Immigration detention and mental illness in the UK: European Court of Human Rights finds against UK government violated Article 5.1 rights of mentally ill immigration detainee (V.M. v. the United Kingdom, no. 49734/12)


Published: 13 Oct 2016

The following case note is taken from the ‘Judgements and decisions of 1 September 2016’press briefing issued by the European Human Court of Human Rights. A full court transcript can be accessed here.

The case concerned the complaint by a mentally ill woman about her immigration detention pending deportation. The applicant, Ms V.M., is a Nigerian national who was born in 1977 and lives in West Drayton (England, UK). Ms V.M. entered the United Kingdom illegally on 18 November 2003 with her son. In November 2003 her son was admitted to hospital with serious injuries and then taken into care. Ms V.M. was later charged with child cruelty and convicted on 7 April 2008. Due to the seriousness of her offences, the Crown Court judge recommended deportation. Ms V.M thus remained in detention when her criminal sentence ended on 8 August 2008.

During the following three years, until her release on bail in July 2011, Ms V.M. brought a number of proceedings challenging the decision to deport her. In December 2008, the immigration authorities dismissed her appeal against her deportation. In June 2009, she also requested the decision to deport be reversed or that her representations be treated as a fresh asylum claim, referring to her poor mental health (recurrent depression and a personality disorder) and the poor standard of treatment facilities in Nigeria if she were deported. Five months later the Secretary of State refused to treat those representations as a fresh claim for asylum.

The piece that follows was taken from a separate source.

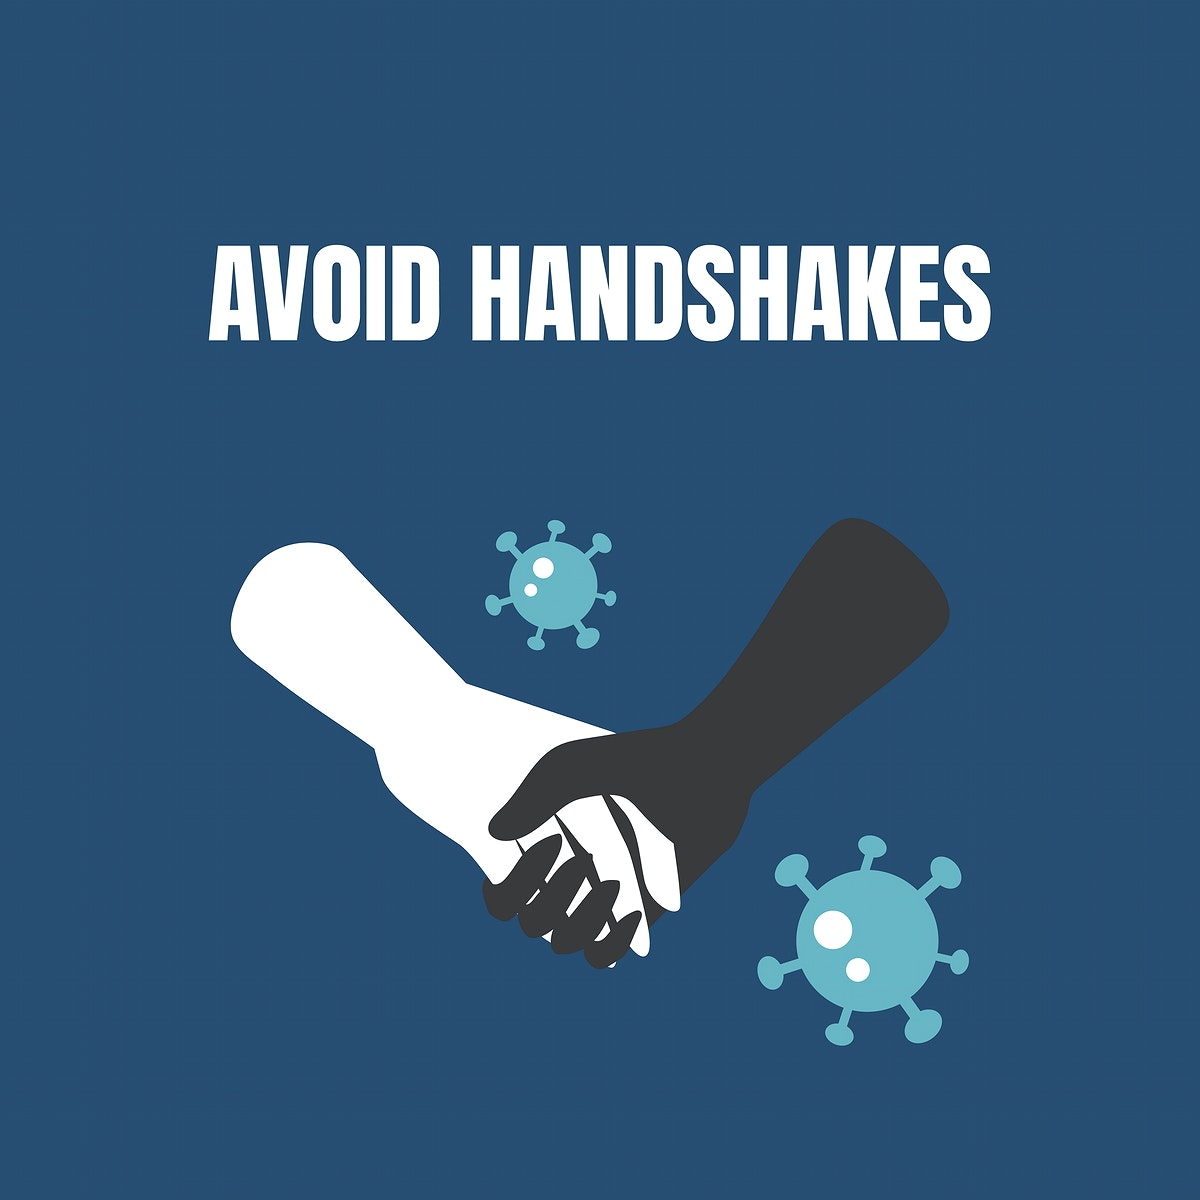 Avoid handshakes coronavirus awareness message vector
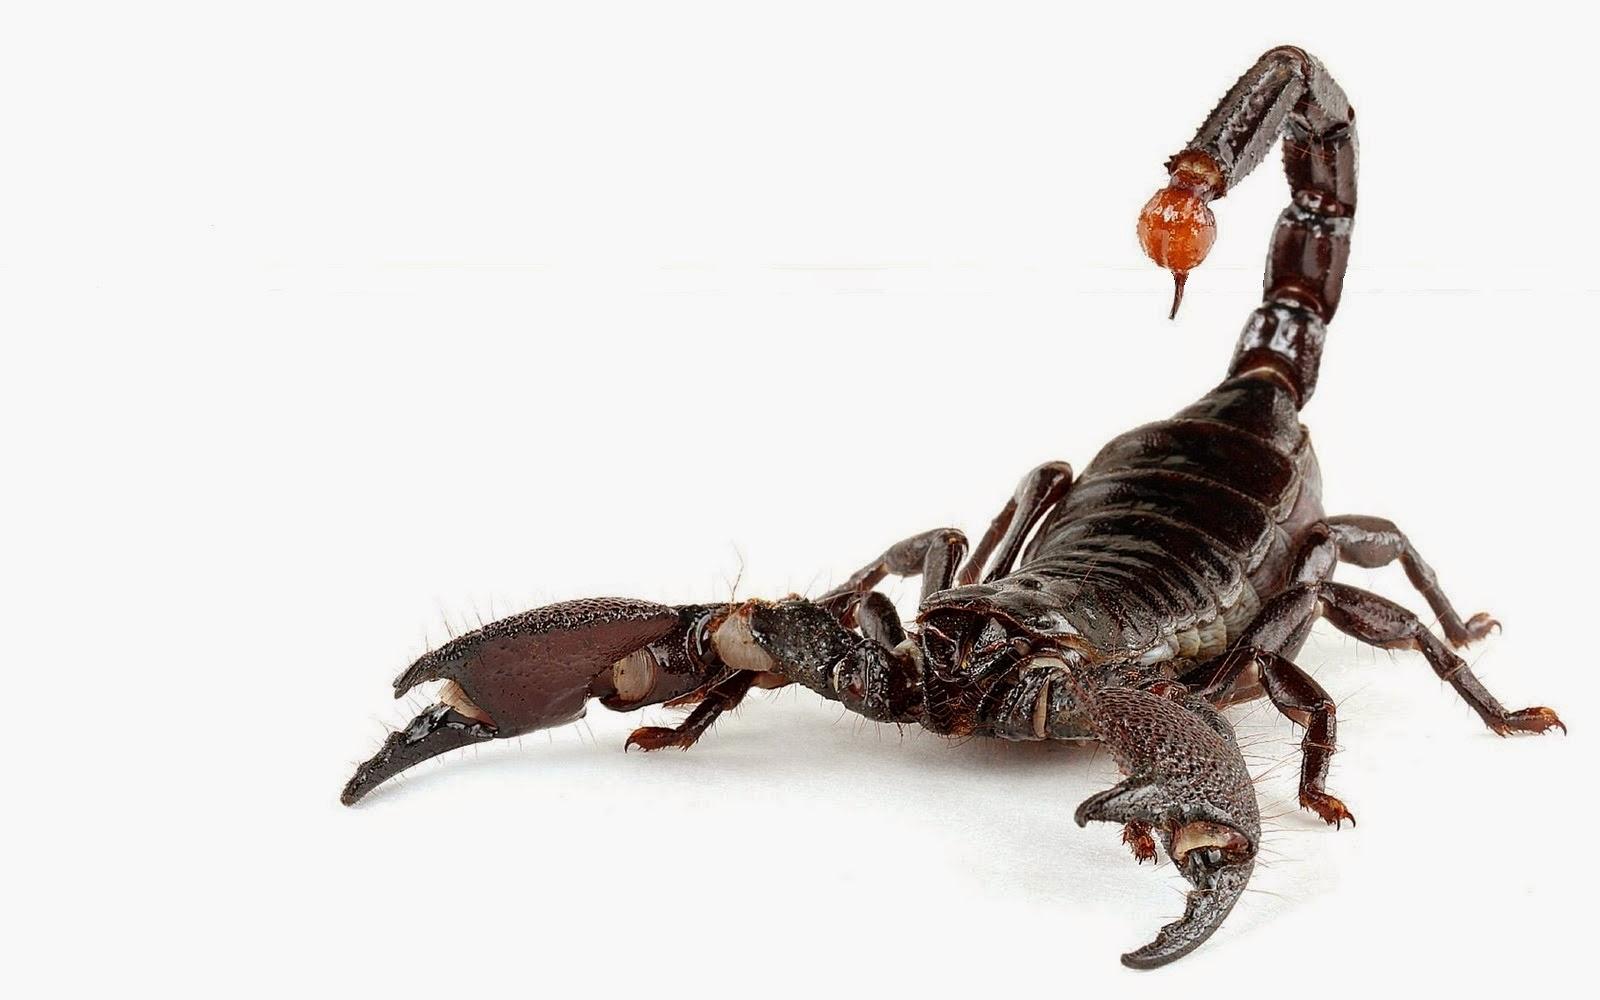 LA CIENCIA DE LA VIDA: Los malvados escorpiones

Permission to apply for judicial review was granted in May 2010 and a hearing took place in July 2010: both the Court of Appeal and the Administrative Court concluded that, in view of the serious risk of Ms V.M. absconding, re-offending or harming herself or others, she would have been detained lawfully during the period between August 2008 and April 2010 even if the policy to favour alternatives to immigration detention for the mentally ill had been considered. Ms V.M.’s bail applications were also rejected on similar grounds. During her detention, Ms V.M. had ongoing medical assessments and, by March 2010, the assessments noted that her mental health had significantly deteriorated. However, the courts reviewed all of the medical evidence in their decisions on Ms V.M.’s case and concluded that the authorities’ decision not to transfer her to hospital had been reasonable.

Relying in particular on Article 5.1 (right to liberty and security), Ms V.M. complained about the excessive length of her detention as well as the system of immigration detention in the UK, notably alleging that the time limits on the maximum period of immigration detention were unclear and that there was no automatic judicial review. She also complained that her detention from August 2008 (when her criminal sentence ended) to July 2010 (when her first application for judicial review was heard) had not been lawful as it had breached the policy on mentally ill immigration detainees.

The European Court of Human Rights found a violation of Article 5.1 in respect of the period of Ms V.M.’s immigration detention between 19 June and 14 December 2009, and awarded just satisfaction of EUR3,500 (non-pecuniary damage) and EUR 10,000 (costs and expenses).